Equnix juga menawarkan metode pemisahan antara data profil pribadi dan data klinis pasien. Data medis yang telah dianonimkan diolah oleh AI untuk mendukung kebutuhan diagnosis prediktif serta meningkatkan ketahanan nasional lewat ketahanan kesehatan yang mumpuni. Selanjutnya, data klinis dan profil pribadi pasien akan disatukan kembali secara utuh pada lapis profil (profile mapper) saat dibutuhkan oleh tenaga medis yang memiliki wewenang akses.
Sejalan dengan proposal tersebut, berbagai pembicara dalam seminar ini juga memaparkan bahwa saat ini riset pemanfaatan AI di sektor kesehatan sedang digencarkan. Penjajakan riset tersebut diarahkan pada kemampuan AI dalam membantu meningkatkan akurasi klinis, seperti mendeteksi berbagai macam penyakit secara lebih presisi, meningkatkan efisiensi administrasi, mempercepat validasi klaim BPJS, serta mengoptimalkan sistem penerimaan pasien di IGD berdasarkan skala prioritas gejala dan ketersediaan ruang perawatan.

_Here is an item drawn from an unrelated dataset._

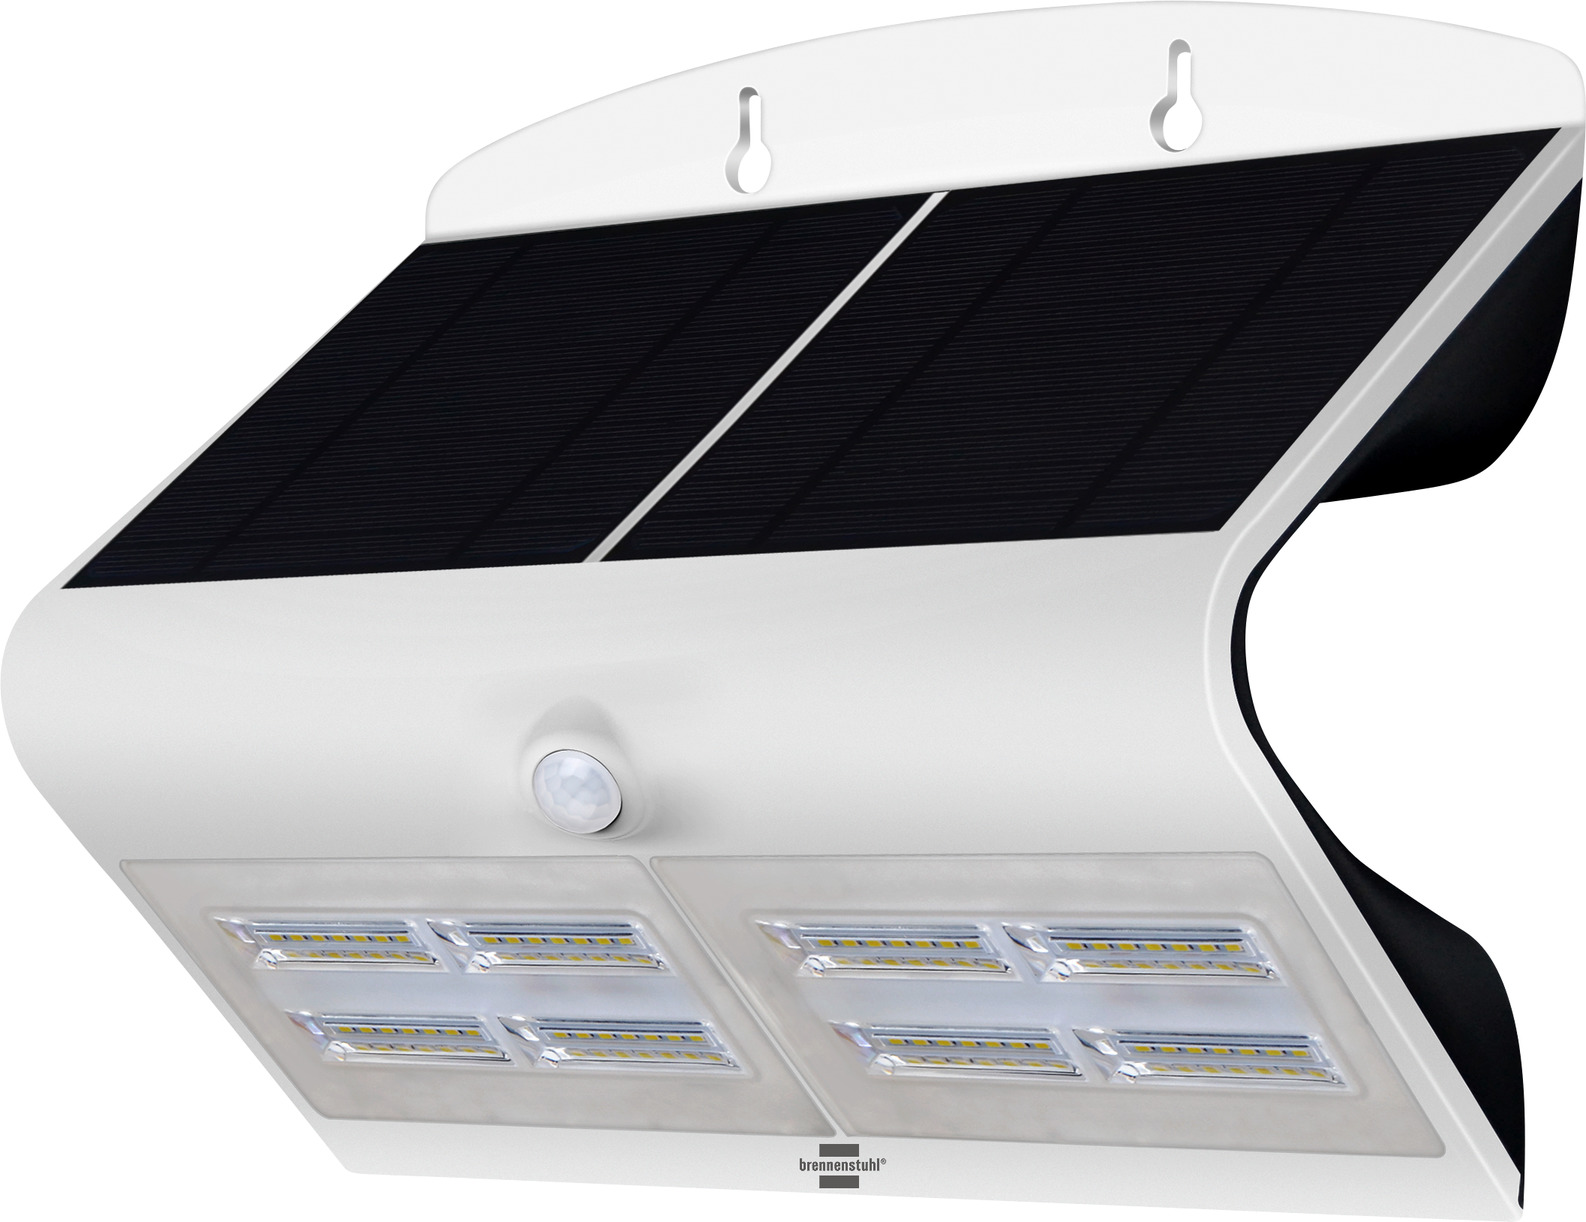 LED Solarwandleuchte mit Sensor SOL WAVE 800, mit Dämmerungssensor und  Bewegungsmelder, IP65, 6,8W, 800lm, weiss/schwarz | brennenstuhl®
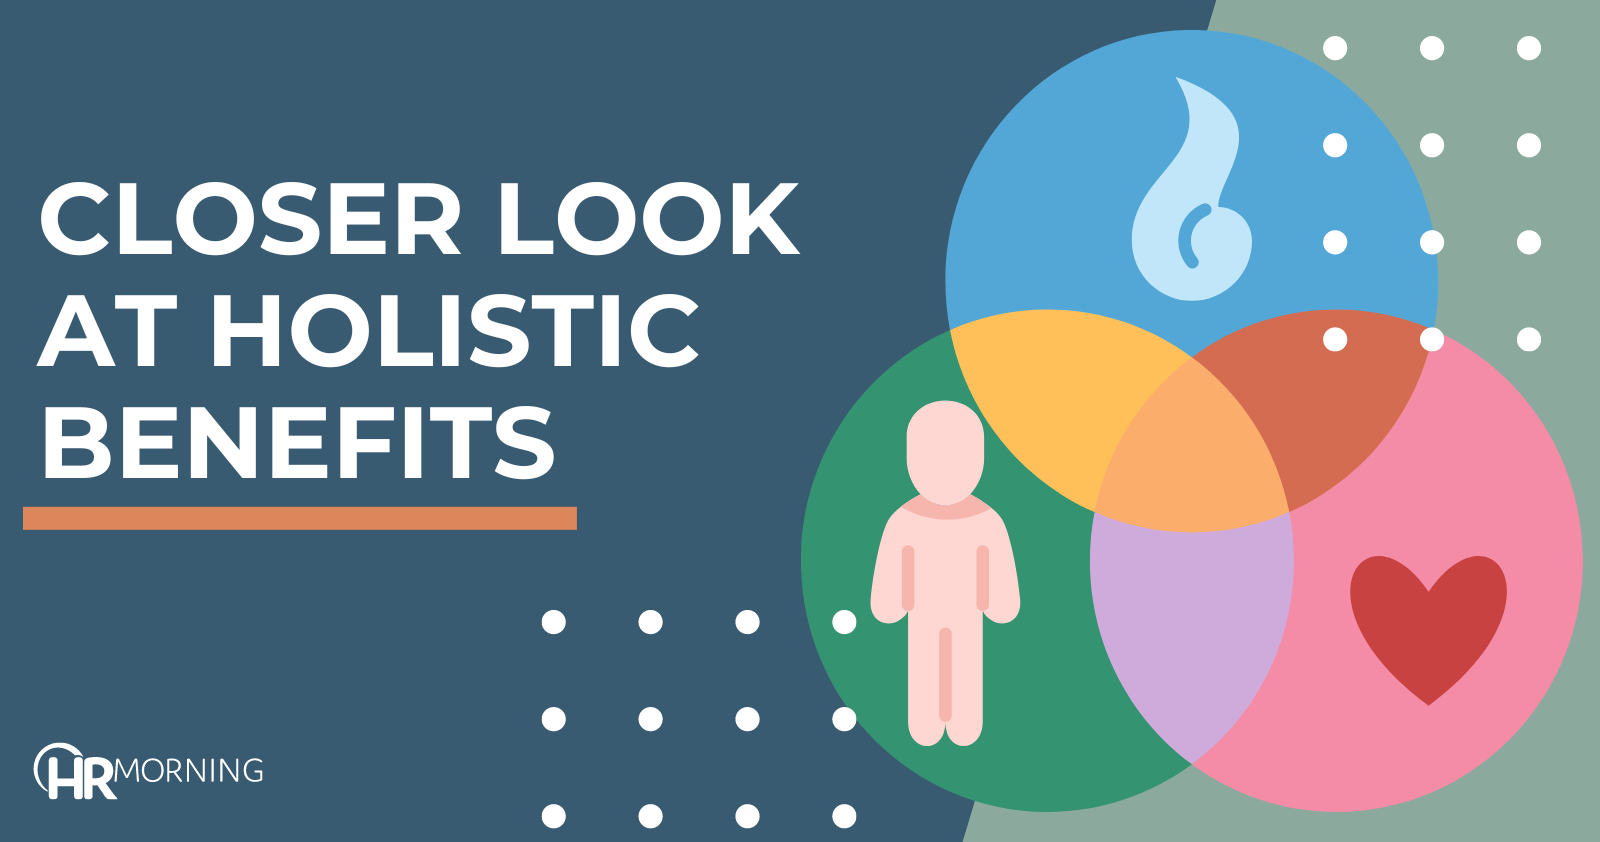 Closer look at holistic benefits

Pertemuan di Surabaya ini menjadi sinyal positif bahwa infrastruktur teknologi lokal sedang dipersiapkan untuk menopang kebutuhan rekam medis nasional yang aman dan mandiri. Sinergi awal antara ketegasan regulasi Kemenkes, riset dari akademisi, dan solusi keamanan dari Equnix diharapkan dapat menjadi modal dasar penting dalam membangun ekosistem kesehatan yang aman dan terintegrasi di Indonesia.